Morgan v. State Farm Mutual Automobile Insurance

613 P.2d 684, 5 Kan. App. 2d 135, 1980 Kan. App. LEXIS 266
CourtCourt of Appeals of Kansas
DecidedJuly 3, 1980
Docket50,978
StatusPublished
Cited by6 cases

This text of 613 P.2d 684 (Morgan v. State Farm Mutual Automobile Insurance) is published on Counsel Stack Legal Research, covering Court of Appeals of Kansas primary law. Counsel Stack provides free access to over 12 million legal documents including statutes, case law, regulations, and constitutions.

Bluebook
Morgan v. State Farm Mutual Automobile Insurance, 613 P.2d 684, 5 Kan. App. 2d 135, 1980 Kan. App. LEXIS 266 (kanctapp 1980).

Opinion

Swinehart, J.:

The plaintiff Denise Morgan appeals from a decision of the district court of Ellis County which denied her disability benefits from her insurer, the defendant State Farm Mutual Automobile Insurance Company, under the Kansas Au *136 tomobile Reparations Act. Plaintiff alleges that the trial court erred (1) by finding that the plaintiff was not entitled to disability benefits from her insurer; and (2) by refusing to award reasonable attorney fees to the plaintiff.

On February 3,1978, the plaintiff was injured while riding as a passenger in her automobile that was involved in an accident. The plaintiff’s 1971 Plymouth was insured at the time by State Farm Mutual Automobile Insurance Company. Plaintiff’s injuries which resulted from the accident included a broken nose, facial lacerations and a broken wrist. All the medical bills incurred for treatment of these injuries and all bills for property damage arising from the accident were duly paid by the defendant insurance company.

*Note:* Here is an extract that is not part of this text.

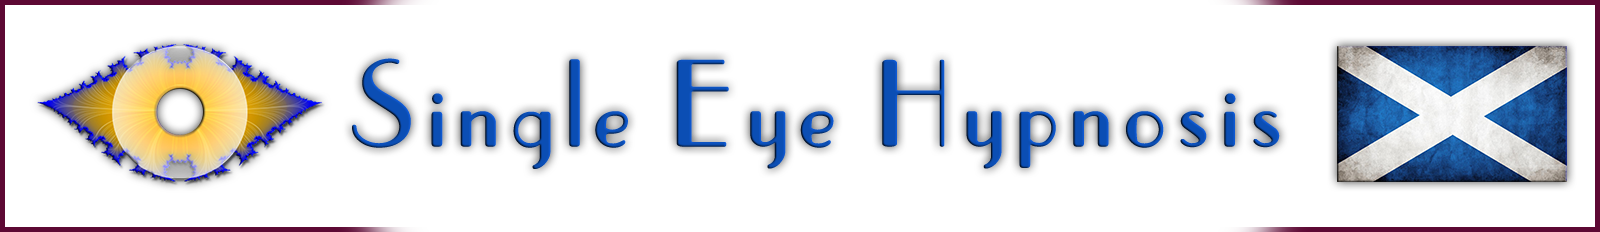 Single Eye Hypnosis - www.hypnosis.scot
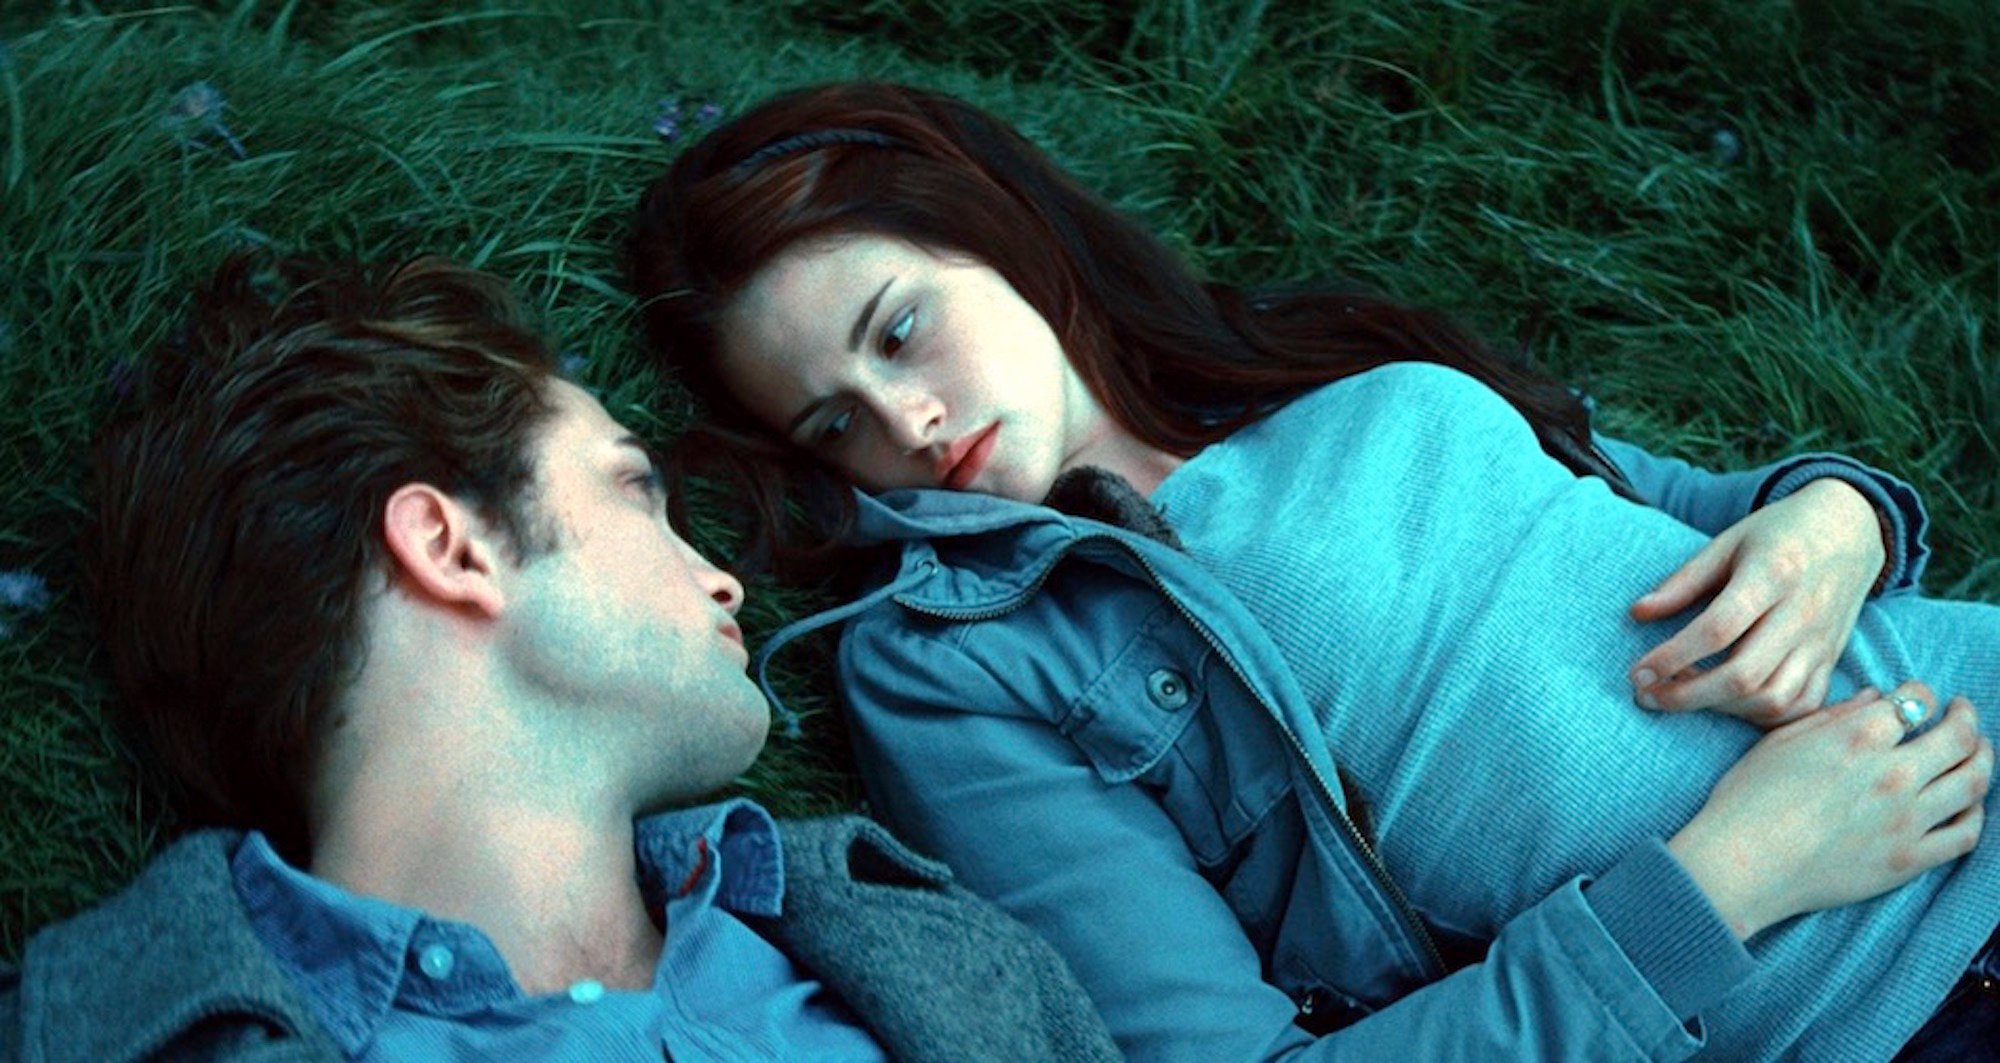 Robert Pattinson as Edward Cullen and Kristen Stewart as Bella Swan in 'Twilight'

In a letter dated February 24,1978, the plaintiff’s counsel made a demand upon the defendant for disability benefits. In a letter dated March 3, 1978, the plaintiff’s attorney informed defendant that he was seeking wage verification information from the plaintiff and was enclosing her application for personal injury protection benefits. On April 28, 1978, the defendant mailed to plaintiff’s attorney a letter verifying an earlier telephone conversation of the same date during which the plaintiff’s attorney refused to arrange a meeting of the plaintiff, her attorney and the defendant’s claim specialist to obtain information about the plaintiff’s employment. The letter noted that the company refused to pay any disability claim because of plaintiff s failure “to provide us the wage information and verification as promised . . . and your failure to provide us any information to substantiate the disability claim.” Defendant again sought authorization to take a statement from the plaintiff regarding her employment.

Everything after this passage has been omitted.